Sortir en mer au large du Var, c’est d’habitude la promesse d’un ballet de dauphins ou d’une baleine curieuse qui vient frôler le bateau. Mathieu Brondi, capitaine chez Sanary Aventure Marine, en sait quelque chose : la veille encore, un cachalot lui avait offert un moment rare.

Mais le lendemain, à une quarantaine de kilomètres des côtes, le décor a viré au cauchemar. Ce que son drone a filmé va glacer plus d’un amoureux de la mer.

Une sortie qui devait ressembler aux autres

Vendredi 10 juillet, Mathieu Brondi prend la mer comme il le fait presque chaque semaine depuis les côtes françaises. Ses clients viennent pour observer des cétacés en pleine santé : dauphins, raies, tortues, parfois une baleine.
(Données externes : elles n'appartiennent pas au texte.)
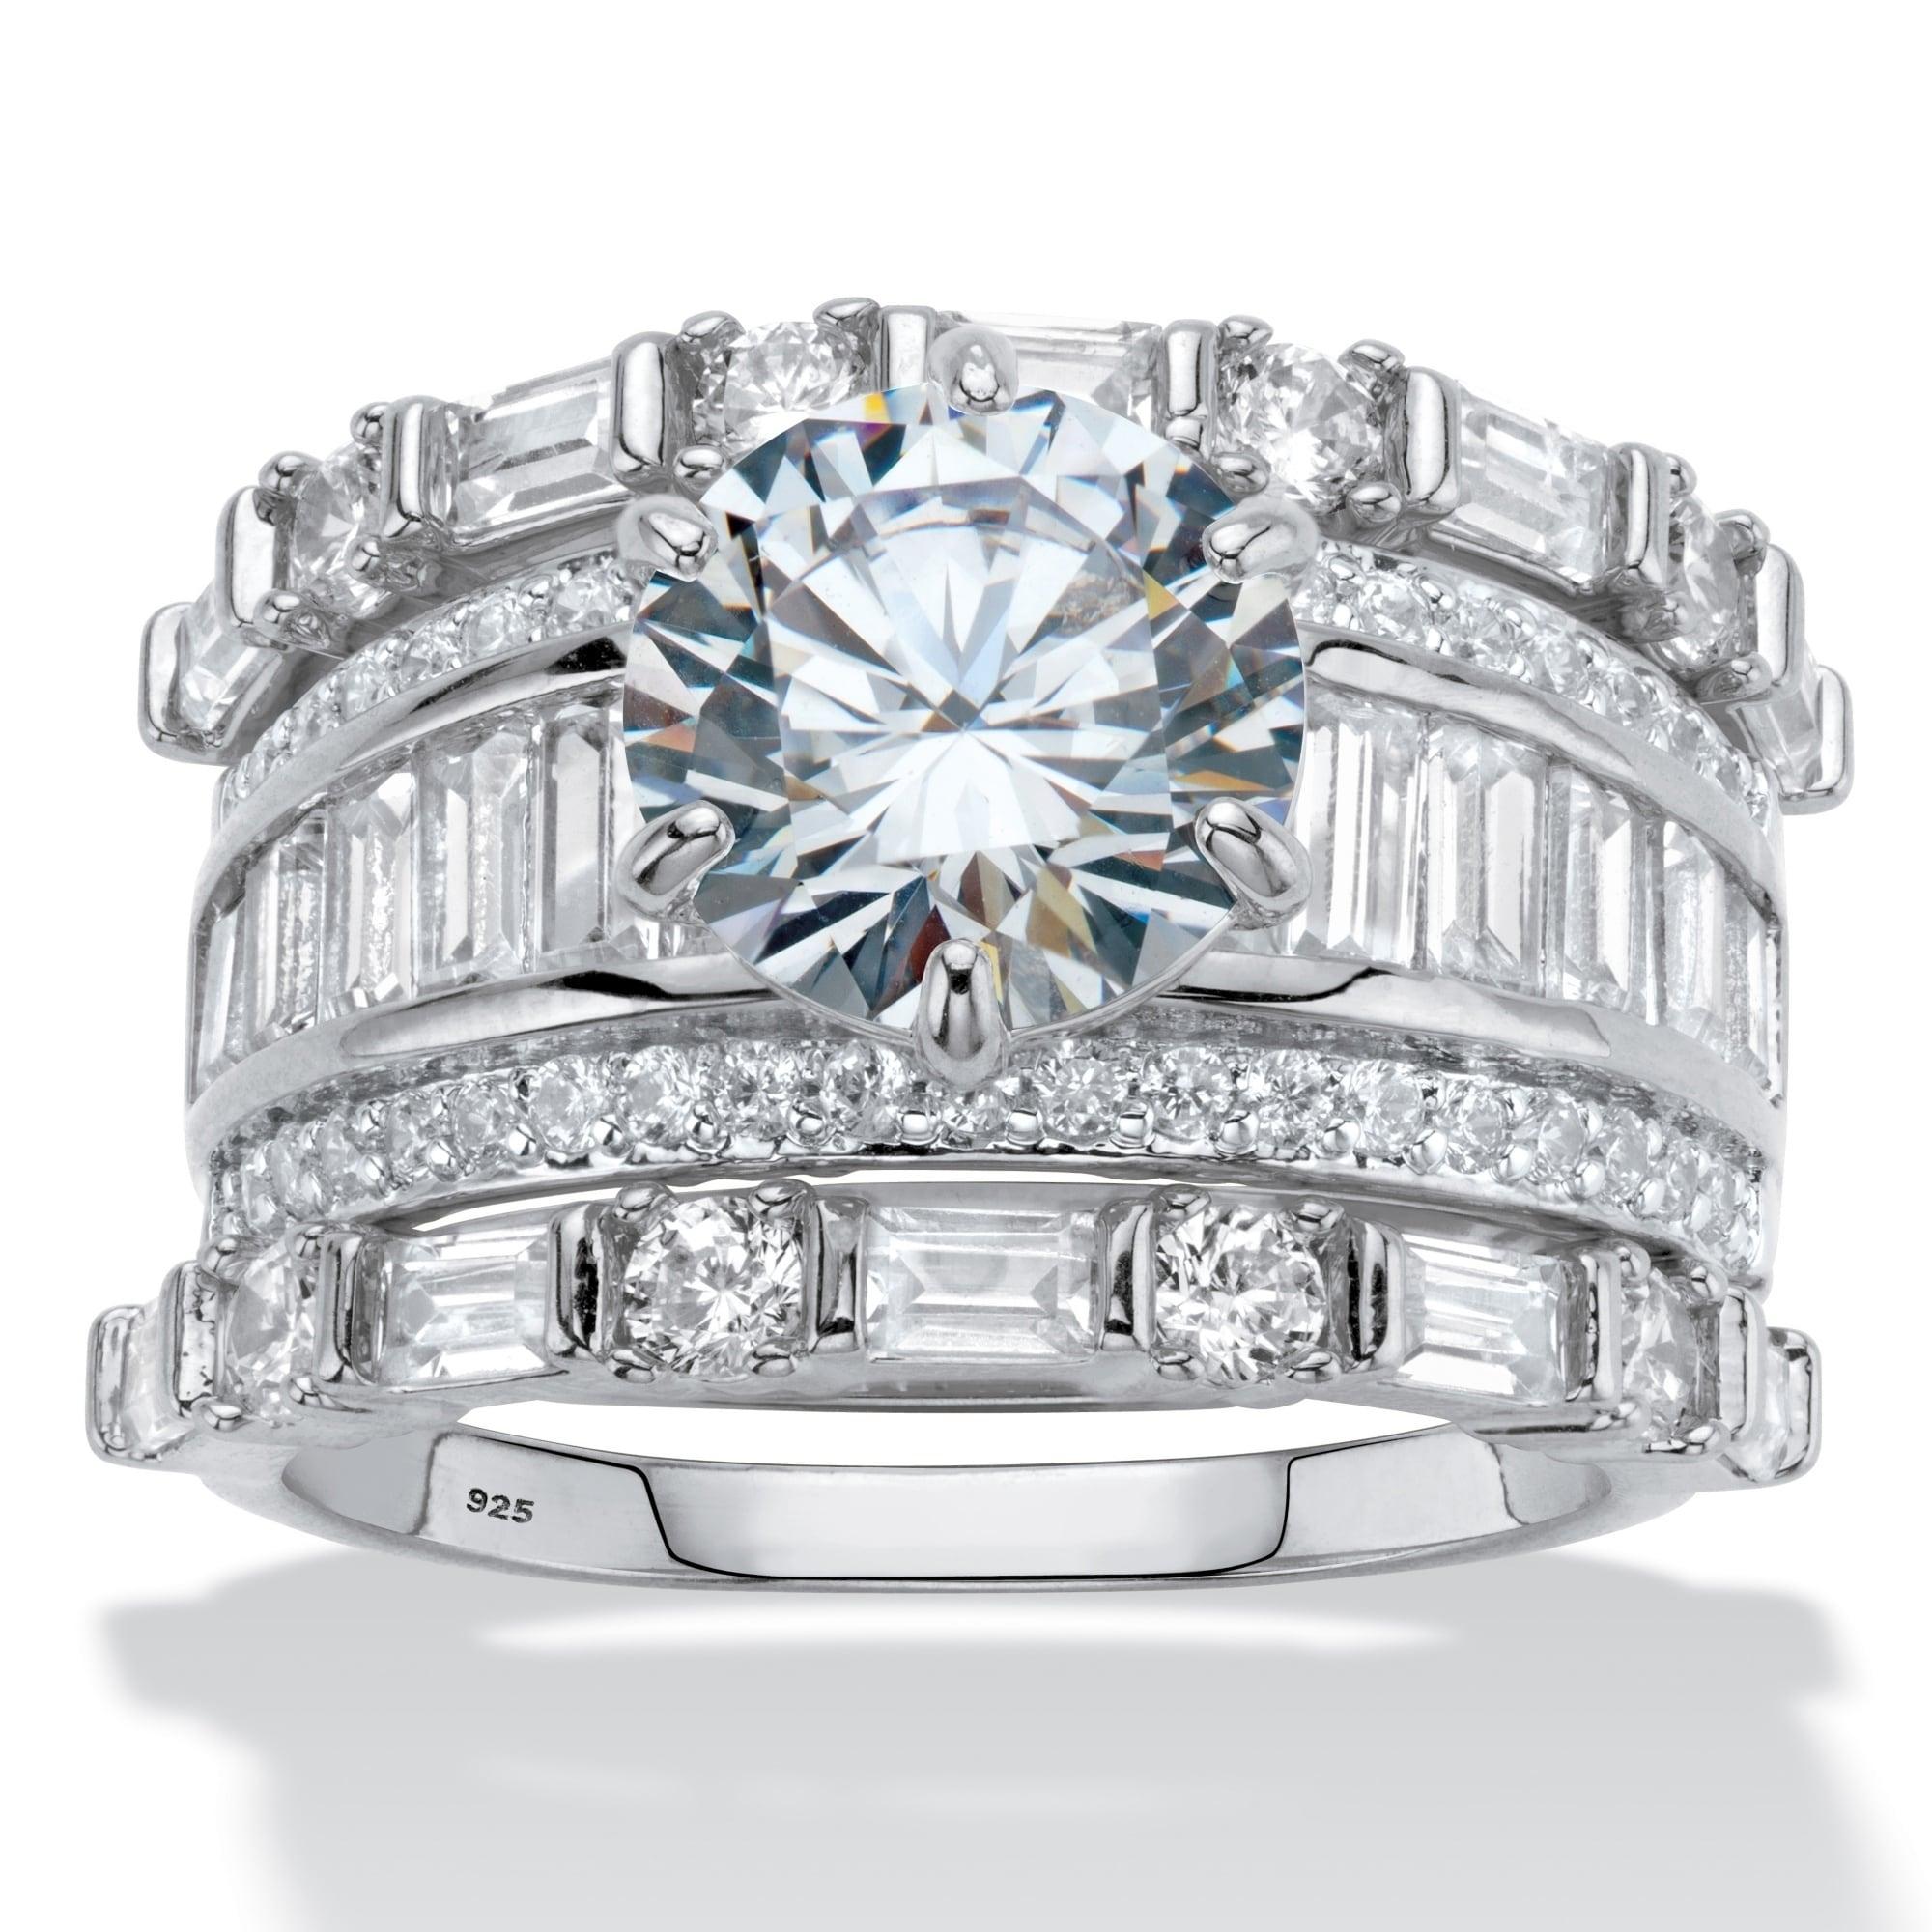 White Cubic Zirconia Band Silver Rings Set Women/'s Wedding Jewelry Sz 6-10

La Méditerranée, malgré sa petite taille à l’échelle mondiale, reste un sanctuaire pour ces espèces.

Sauf que ce jour-là, à une quarantaine de kilomètres au large de Sanary-sur-Mer, l’équipage tombe sur une scène inhabituelle. Une carcasse flotte à la surface. Autour d’elle, trois silhouettes tournent lentement avant de venir mordre dans la chair.

Le capitaine sort son drone et filme. Les images, publiées sur les réseaux sociaux, montrent un cachalot mort encerclé par des requins qui s’en nourrissent. Une scène rarement documentée dans cette zone, qui rappelle brutalement la fragilité de cet écosystème marin, un sujet que la France peine encore à mesurer à sa juste échelle.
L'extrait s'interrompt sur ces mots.